Figure 5 - La perturbation de l'expression de Tuna affecte celle des gènes de pluripotence et de différenciation. Adapté de Lin et al. (2014). A) Le knock-down de Tuna (linc86023) module l’expression des gènes marqueurs de lignée. Les mESCs CCE (Oct4-GFP) ont été transductées avec le shRNA-I dirigé contre Tuna ou un shRNA contrôle. L’ARN a été extrait après 4 jours et analysé par qRT-PCR. L’expression génique a été normalisée et comparée aux niveaux de β-actine dans les cellules exprimant le shRNA contrôle. Les données représentent la moyenne de triplicats ± écart-type. B) L’expression de Nanog et Oct4 est induite par la surexpression de Tuna dans les cellules CCE incubées avec ou sans LIF. Les cellules ont été transfectées avec les vecteurs d’expression pcDNA3 indiqués et sélectionnées par addition de G418 (Néomycine) après 24h. L’ARN a été extrait après 4 jours et analysé par qRT-PCR. Les niveaux d’ARNm ont été normalisés à la β-actine et sont des expressions relatives comparées aux cellules exprimant l’EGFP. Les données représentent la moyenne de triplicats ± écart-type. C) La surexpression de Tuna promeut la reprogrammation de MEFs vers les iPSCs. Les MEFs Oct4-GFP ont été ensemencées sur gélatine en plaques 12 puits et transductées avec les rétrovirus exprimant les 4 facteurs (Oct4, Sox2, Klf4 et c-Myc) et soit Tuna pleine longueur ou DsRed (contrôle négatif). Le milieu a été remplacé par du milieu MEF frais le jour suivant et 3 jours plus tard, le milieu a été changé par du milieu mESCs supplémenté en LIF. Les colonies iPSCs GFP+ ont été comptées 2 semaines après transduction. Le nombre de colonies GFP+ est normalisés aux cultures transductées par DsRed. Les données représentent la moyenne de triplicats ± écart-type.

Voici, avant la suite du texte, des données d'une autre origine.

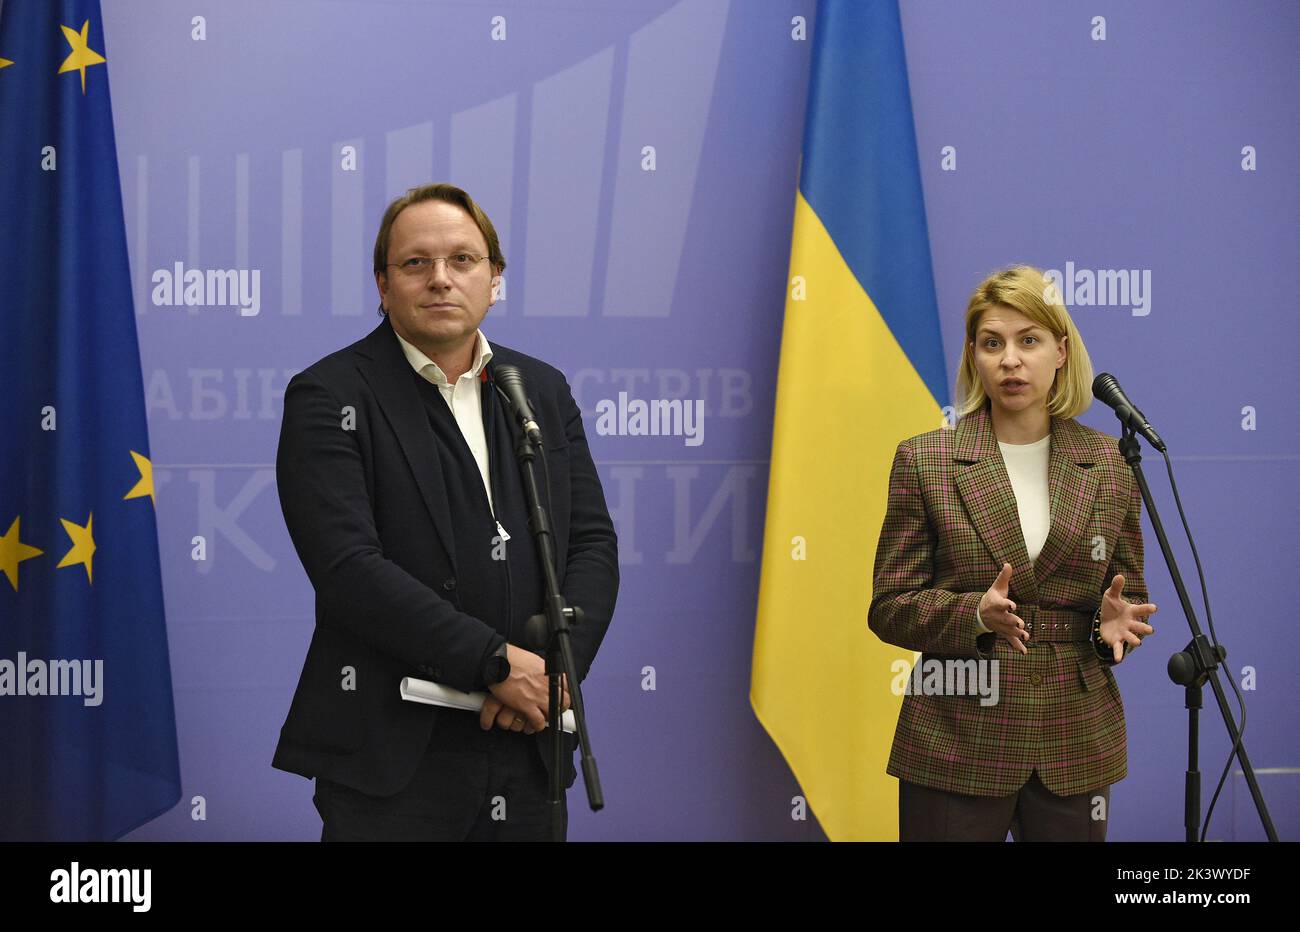 Kyiv, Ukraine. 28th Sep, 2022. KYIV, UKRAINE - SEPTEMBER 28, 2022 - Deputy Prime Minister for European and Euro-Atlantic Integration of Ukraine Olha Stefanishyna and European Commissioner for Neighbourhood and Enlargement from Hungary Oliver Varhelyi hold a joint press briefing during their official meeting, Kyiv, capital of Ukraine. Credit: Ukrinform/Alamy Live News Stock Photo

Figure 6 - Tuna est impliqué dans le contrôle de la pluripotence et de la différenciation neuronale des mESCs. Adapté de Lin et al. (2014). A) Quantification des colonies iPSCs GFP+ 2 semaines après reprogrammation. Les MEFs Oct4-GFP ont été transductées avec les rétrovirus exprimant les 4 facteurs et DsRed (contrôle) ou un des variants de Tuna suivants : sauvage (WT – Tuna), un mutant sans la région conservée (Tuna-mut), ou la région conservée seulement (Tuna-con). Le nombre de colonies iPSCs GFP+ est normalisé aux cultures transductées avec DsRed, les données représentent la moyenne de triplicats ± l’écart-type. B) Processus d’ontologie génique enrichis des 10 groupes de gènes identifiés par RNA-Seq sur l’ARN extrait de CCE mESCs KD pour Tuna. C) Fluorescence et champs clairs de différenciation in vitro de mESCs CCE transductées avec shRNA contrôle ou spécifique à Tuna. Les cellules CCE ont été transductées après 2 jours de différenciation et analysées à jour 7. Les panneaux hauts montrent les cellules marquées pour la Nestine (gauche) et Tuj1 (droite). Les panneaux du milieu montrent Hoechst au noyau, et les panneaux du bas montrent les images en champ clair. Échelle 100µm.